金麟台大摆七日筵席,宴请四方修士,庆贺金氏嫡长嫡孙顺利出生,随即便将孩子的姓名表字都昭告天下,姓金、名凌,字如兰。
在听得这个名字的瞬间,蓝忘机便已明白,为何自己曾经,想唤张起灵为[阿灵]却叫不出口了,原来是因为,这个世界注定会有一位“阿凌”,所以他才会总觉得,唤张起灵为[阿灵]不妥。
藏书阁里,蓝忘机合上手中请帖,将其放到案上,展开经折执笔继续抄书。
张起灵坐在窗边,手中握着一本古籍,看得入神之际,身上无知无觉溢散出些微灵力,而阳光于此时经过窗户照进来,恰巧落在他身上,遮掩了他身上那一瞬间的灵力溢散。
蓝忘机抄完书,搁笔将经折合拢放在桌案一角,便起身来到张起灵对面:“兰陵金氏大摆七日宴席宴请四方修士,贺金小公子出生,阿官可愿同去?”

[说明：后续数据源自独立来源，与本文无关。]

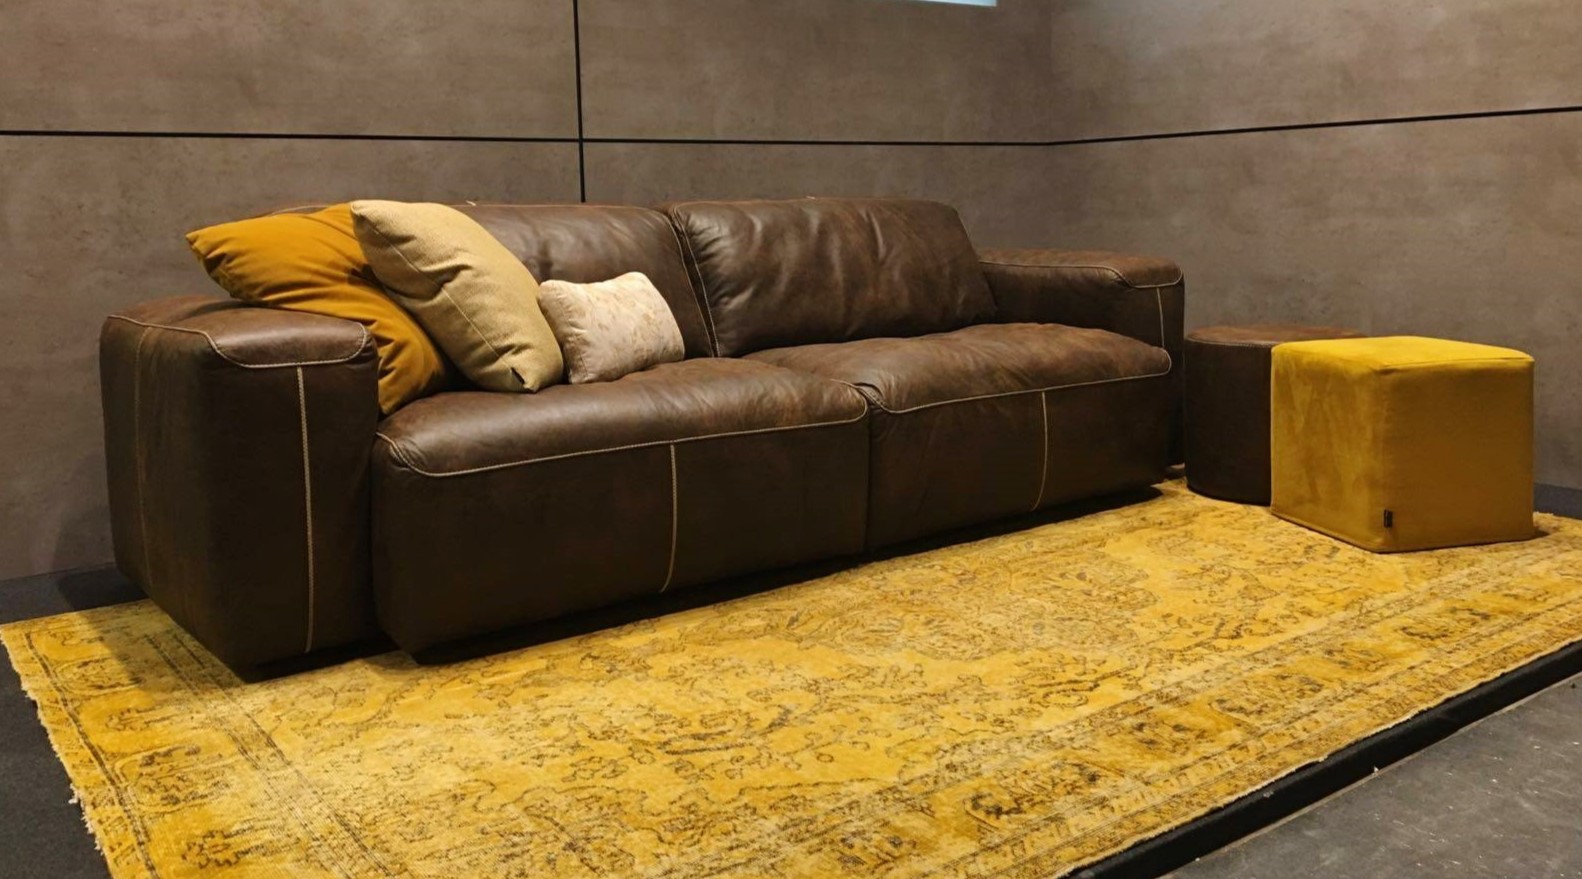 Для украшения дивана можно использовать несколько подушек

张起灵不加思索便打算拒绝,可在话语脱口而出的前一瞬,他却又莫名改了主意:“何时出发?”
蓝忘机道:“明早启程。”
张起灵点了点头,手中古籍又翻了一页。
蓝忘机抬手,轻轻覆在古籍书页上:“很好看?”
张起灵语气淡淡:“不好看。”
蓝忘机眉眼温柔:“那还如此入神?”
张起灵面不改色:“闲着无聊。”
可这样悠闲的日子,让人倍觉轻松之时又忍不住心生眷恋,所以他时常在结束晨练之后,便来藏书阁找古籍用以打发时间。
蓝忘机眼中温柔更甚,他轻轻抽出张起灵手中古籍,张起灵便也顺势放手,待蓝忘机将古籍放在桌上后,握着他的手顺势起身,离开藏书阁。
次日,姑苏蓝氏率先抵达兰陵城,张起灵与几位蓝氏弟子在城中客栈休憩,蓝曦臣与蓝忘机则率众前去金麟台拜会宗主金光善。
因着是金子轩长子金凌的庆生宴,率先前来与他们见礼之人,便是金氏少主金子轩与金子勋。
原本彼此见过礼后,蓝曦臣与蓝忘机便等着金氏宗主金光善前来,但当得知金凌满月礼宴请的宾客之中没有魏无羡时,蓝忘机到底还是提出了心中所想:“既然金凌满月礼邀请所有长辈,魏婴是否也应身在其列?”
闻言,金子勋一时间还有些没反应过来,他不敢置信的道:“含光君,我没听错吧?还请你再说一遍。”
蓝忘机定定道:“我说:既然金凌满月礼邀请所有长辈,那么魏婴也是他的长辈。”
金子勋冷冷说道:“所以你的意思是,魏无羡是他的长辈,即便他与四大世家为敌,你也要邀请他过来,是吗?”
“非敌。”蓝忘机神色凝重。
“非敌?难道是友不成?!”金子勋怒火中烧,“含光君,你是不是记性不好?忘了穷奇道杀人一事?要不要我再提醒你一下呢?”
蓝曦臣面露无奈,垂首抿了抿唇:“金公子,忘机所言不差,魏无羡自立乱葬岗后并无劣迹,也未曾听闻他有做过任何违背侠义之道的事情。”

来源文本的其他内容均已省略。